In order to develop an approach to energy issues with an interdisciplinary, global and integrated vision, the University of São Paulo – USP created a group of lecturers and researchers in the field of energy in 1986 to conduct studies and research on energy in the fields of science and academia. This process was consolidated through the creation of the Graduate Program in Energy – PPGE (initially known as the Interunit Graduation Energy Program – PIPGE).
The Masters’ course was created on January 17th, 1989, and the PhD course in May 12 th 1993. Both initiatives were born as interunit courses, with the participation of the following USP schools (units): the Polytechnic School (EP), the Faculty of Economics and Administration and Accounting (FEA), the Institute of Physics (IF) and the Institute of Electrotechnics and Energy (IEE). Since its inception, the PPGE has centralized its administration and operation linked to the IEE. Over the last 25 years, this relationship has been very constructive for the Program, as well as for the IEE, since, for many years, PIPGE guaranteed the IEE's only presence in USP´s Graduate structure.
In 2012, with the support and approval of the other initial training units, the Program’s process of institutional change was consolidated, and it ceased to be an Inter-units Graduate Program to become permanently and exclusively linked to IEE – USP. In the same year, the IEE Graduation Committee (CPG) regulations were approved and this CPG established the link between two Graduation programs, both abandoning their initial Inter-units character, also constituting their respective Program Coordination Committees (CCP) namely, the Energy Program (PPGE) and the Environmental Sciences Program (PROCAM). Both programs became linked exclusively to the IEE.

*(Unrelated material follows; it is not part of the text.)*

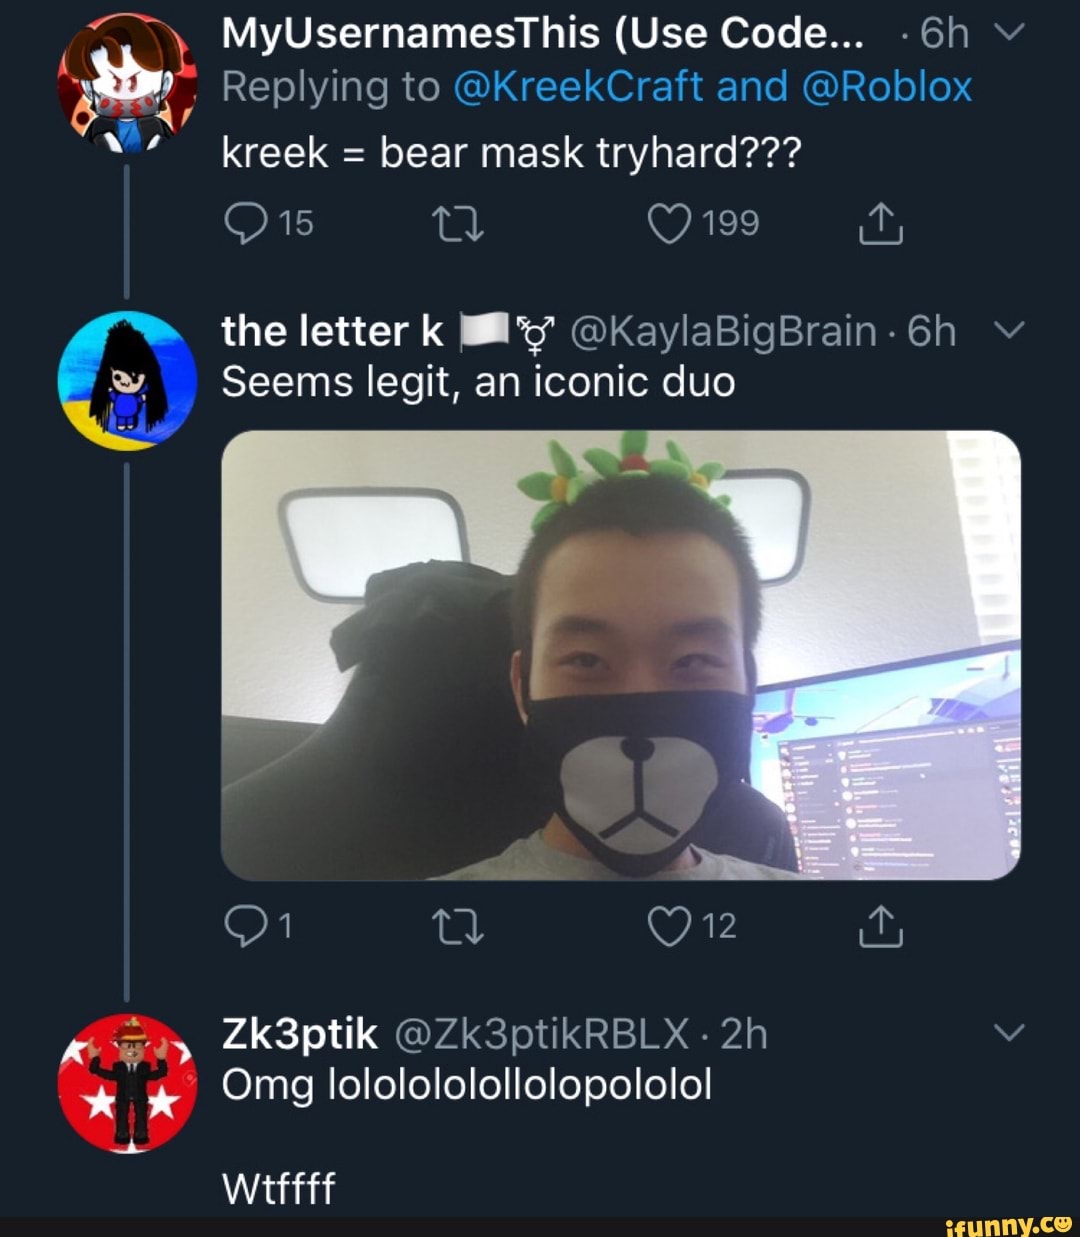 Myusernamesthis Use Code 6h Replying To Kreekcraft And Roblox Kreek Bear Mask Tryhard The Letter K By Okaylabigbrain 6h Y Seems Legit An Iconic Duo Omg Lololololollolopololo Ifunny - myusernamesthis roblox

The Energy Program Regulations were revised and approved during the second half of 2012 and beginning of 2013. This revision process resulted from the promulgation of a new regiment for USP's graduate program (Resolution no. 6542, of 04/18/2013), which established the general rules for all graduate programs at this institution. The new Program Regulations effectively came into effect from 2014 onwards. In this sense, during the four-year CAPES evaluation from 2013 to 2016, the PPGE experienced a transition and normative consolidation process. In April 2013, the members of the new PPGE Coordinating Committee (CCP Energia) were elected for a two year term.
Even though it ceased to be an inter-units program, several faculty from other USP schools maintain a link with the Program, participating as permanent professors or collaborators. Thus, the PPGE maintains its interdisciplinary proposal and is inserted in the CAPES Evaluation System in the Interdisciplinary Area, and in the Basic Area: Engineering/Technology/Management. The faculty linked to the Program recognizes the importance of the historical roots that allowed for the birth and maintenance of the Program for more than two decades, as well as the need for interdisciplinarity in the treatment of theoretical and practical issues related to energy. The advance and systematization of knowledge, its diffusion and the academic formation capable of responding simultaneously to academic, research and industry institutions constitute the specific anchor challenges of the Energy Program, in order to consolidate the interaction between academia, industry and Society concerning energy issues.
The IEE itself, after undergoing several institutional restructurings throughout 2012 and 2013, reinforced its commitment to the Program's proposal. According to the new IEE regulation, established by USP’s Resolution 5.938 of 07/26/2012, IEE’s institutional goal is "to act in an interdisciplinary way in teaching, research and extension, in the Energy and Environmental Science areas". It is established that the IEE must assume an integrating role in these two areas of knowledge, bringing together professors from related areas and from different USP schools (units).
In 2014, the PPGE Program Evaluation Committee was created, comprising the last three Program Coordinators and with the participation of three other permanent program faculty.
Among the various topics being discussed in the aforementioned Commission, the recognition of the existence of two poles of knowledge in PPGE is noted: 1) Energy Analysis and Planning; and 2) Energy Technology, aiming at becoming PPGE Areas of Concentration. In order to do so, we are working on the creation of new courses and new Research Projects linked to the current or new Research Lines, in order to articulate technological contents with teaching and research activities that can be offered by the 15 existing laboratories located at the IEE.
As a result of this process, in September 2016, the PPGE/USP sent a Program Restructuring proposal to USP’s Graduate Dean to be examined and approved by the USP Graduate Council (CoPGr). It is expected to be implemented during the academic year of 2018.